Фото Ростислава ГОРДОНА

Фото Ростислава ГОРДОНА


— Уже не помню. Последние годы мы очень мало общались. Он был, так скажем, в тени Януковича. И, видимо, мешал. Потому что поднималась новая поросль, которой он мешал в первую очередь.

— Когда вы в последний раз видели Виктора Януковича или говорили с ним?

— Это было на заседании фракции в январе 2014 года.

— Что вы говорили? Что он говорил?

— Ничего не говорил практически. Зашел в помещение рядом с залом, где мы заседали, и вел переговоры с лидерами оппозиции.

— А когда вышел оттуда, что сказал?

— Вышел к нам и сказал, что серьезное положение, надо принимать законы.

— После этого вы проголосовали за «законы 16 января»?

— Да, это как раз тогда было. После этого проголосовали за «законы 16 января». Но за что мы голосовали, мы тогда не знали.

— Вы сейчас понимаете, что это было ужасно? Если бы тогда понимали, вы бы голосовали?

— Мы их не читали — это раз. Не обсуждали — это два. Было примерно так: «За что голосуем?». — «Против балаклав». Плюс — в зале оппозиция, вполне понятно, поднялась с целью сорвать голосование. В парламенте, как правило, что наступает? Стенка на стенку. «Ах, вы так? А мы — вот так!». Крик. Голосуем против балаклав, против дубин, против еще чего-то. Все голосуют. Я не отказываюсь, что голосовал. Я голосовал именно за это. А обсуждения текстуальной части этих законов не было.

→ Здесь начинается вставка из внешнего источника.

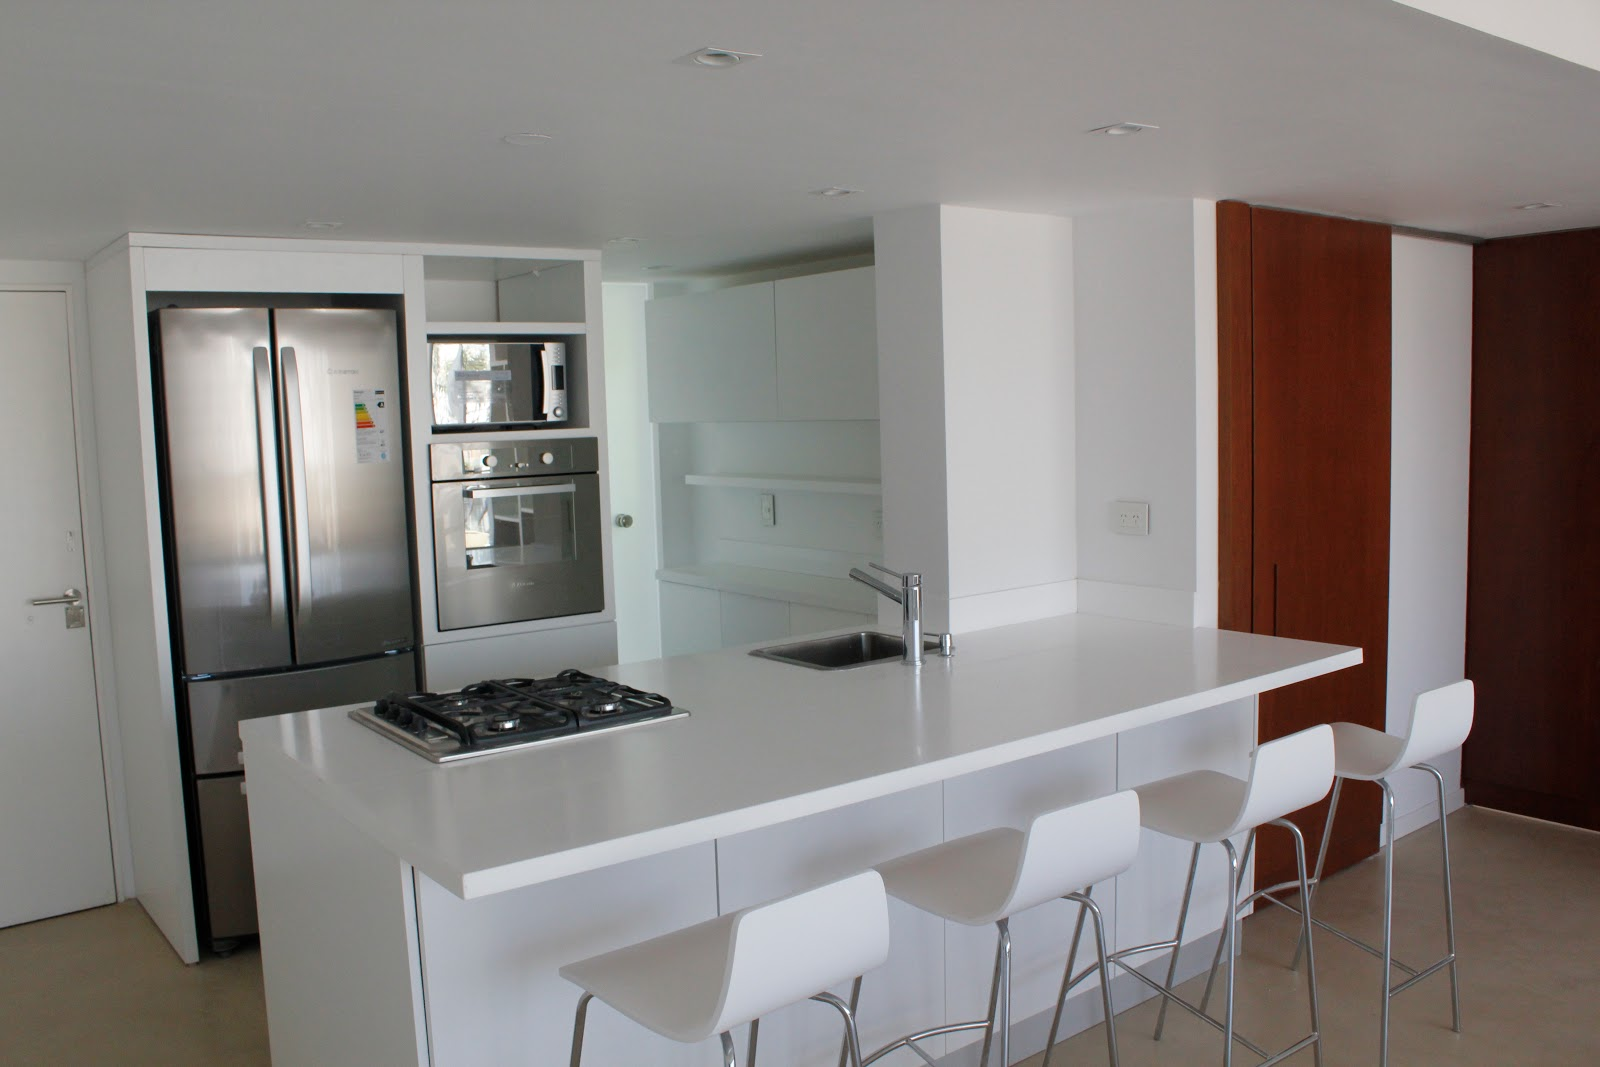 Kasa cocina minimalista blanca by architect julieta for Kasa diseno interior
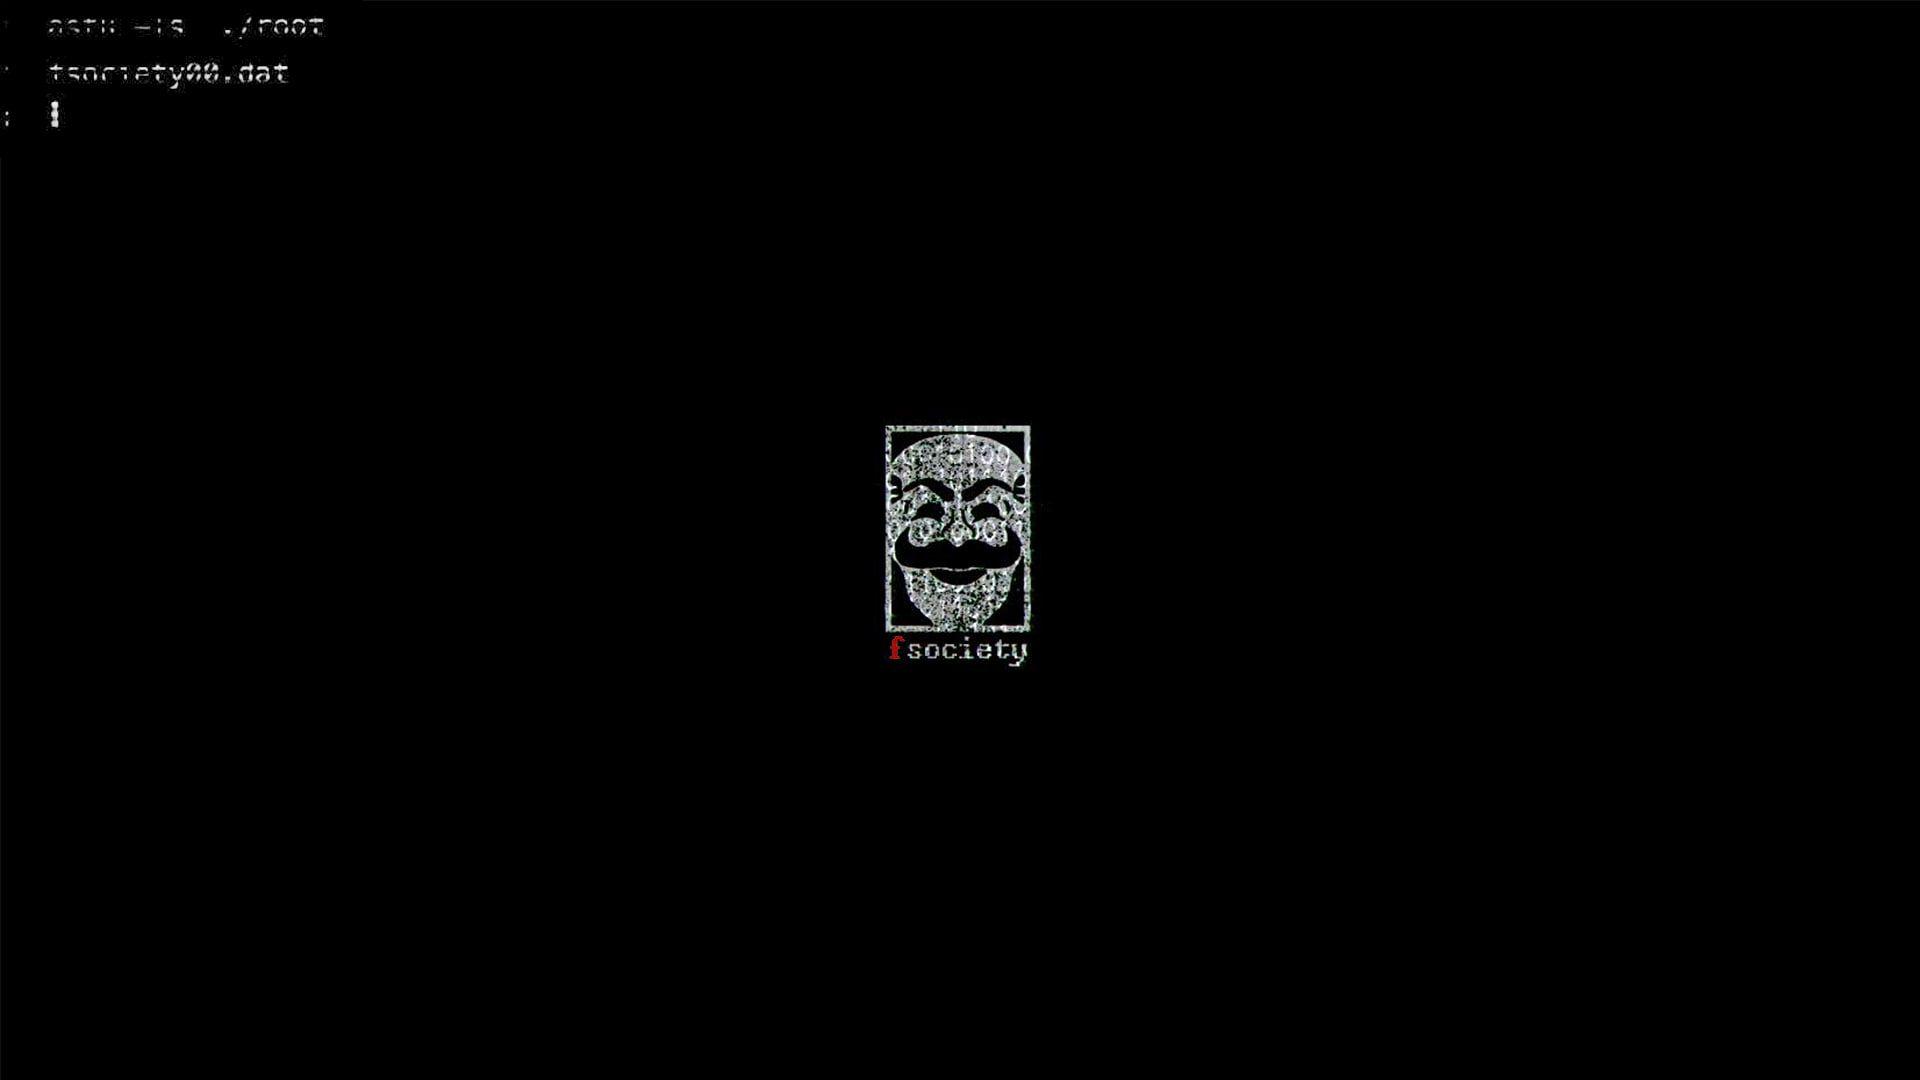 Hacking Fsociety Mr Robot 1080p Wallpaper Hdwallpaper Desktop Chernyj Fon Oboi Fony Oboi

— Тогда реально такой авторитет у Януковича был, что если он сказал как лидер: «Голосуем — и все!» — никто даже не подвергал это сомнению?

— Практически никто. Попытки иногда были, одиночные. Но они пресекались.

«Я очень хорошо эту кухню представляю. Идут доклады президенту России от спецслужб такого содержания: «Народ Украины вас ждет»

— Виталий Тытыч, адвокат семей Не­бесной сотни, в интервью интернет-изданию «ГОРДОН» сказал, что все самые кровавые события на Майдане — это провокации, организованные и реализованные с помощью московских агентов. Для чего? Чтобы в итоге развернуть сценарий так называемой гражданской войны на Донбассе и аннексировать Крым. Как вы относитесь к этой версии?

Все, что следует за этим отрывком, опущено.